I'm a real computer notice, so I apologize for such a basic question.

This evening, I made a 20-second video with my camera. (First time--yay!) I transferred it to my computer and then tried to send it as an attachment to an e-mail. I got a message that said I didn't have enough memory.

What does this mean? Do I need additional memory on my hard drive? What would be the simplest way of getting the kind of memory I need?

Thank you in advance!


----------



## MichaelZ (May 21, 2013)

It means there is a limit to your file size within your email service. For example, in my yahoo account the limit is 25MB (I have a paid account). So your computer is not the factor. What you can do is publish your video to youtube and then have your friend view it there. Or make the video shorter. Or save the video on to a CD and let your friend view it from the CD. Or get another email service with a larger file capacity. Another option is to get a Google account and save to what is called "Google Drive", an online place where you can store files up to 10MB in size. Video files get big really fast!


----------



## Nevada (Sep 9, 2004)

I would restart the computer and try again. You might have used a lot of resident memory looking at the clip.

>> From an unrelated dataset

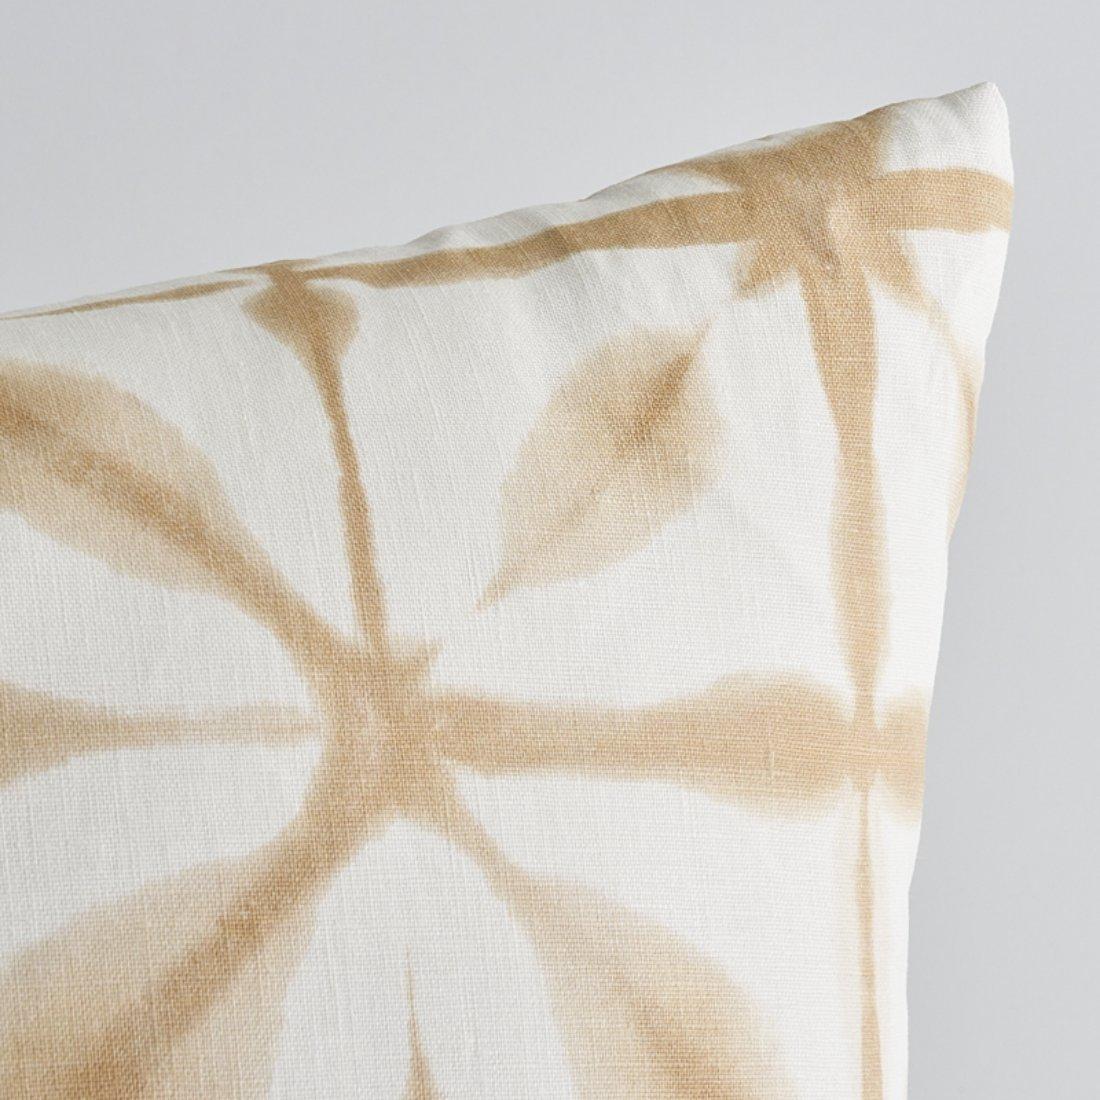 This pillow features Andromeda with a Knife Edge finish. This printed linen evokes the traditional Japanese dye technique of shibori. With its soft, blurred edges, Andromeda adds interest without being overpowering. Pillow includes a feather/down

How big is this 20-second clip? What operating system do you use? How much memory do you have? What software do you use to manage your email?


----------



## maddy (Oct 30, 2010)

My operating system is XP. The file is 247 MB.

Wow, I never would have guessed that a 20-second video would be too much for my e-mail program. It's okay, though, I can transfer to a CD and hand-deliver it.

Thanks very much for your answers!


----------



## maddy (Oct 30, 2010)

Just for giggles, how do you publish a video to YouTube? I have watched them before, but have no idea how they get onto the internet.


----------



## Nevada (Sep 9, 2004)

maddy said:


> Just for giggles, how do you publish a video to YouTube? I have watched them before, but have no idea how they get onto the internet.


Just create a free account and upload it. Youtube will convert it to a flv clip, which is much more efficient.

It's just as well that you deliver it on CD. Your ISP probably won't allow 247 mb file attachments, and your friend probably can't receive file attachments that large anyway.


----------



## maddy (Oct 30, 2010)

Thanks so much!


----------



## mikellmikell (Nov 9, 2005)

Convert the file to a useful size and format. Cell phone and camera videos are crazy large. MP4 or WMV are good files to share


----------



## mnn2501 (Apr 2, 2008)

maddy said:


> The file is 247 MB.


That's way too big for any mail service I am aware of.
Perhaps a file sharing site (like Dropbox) would be a better solution.


----------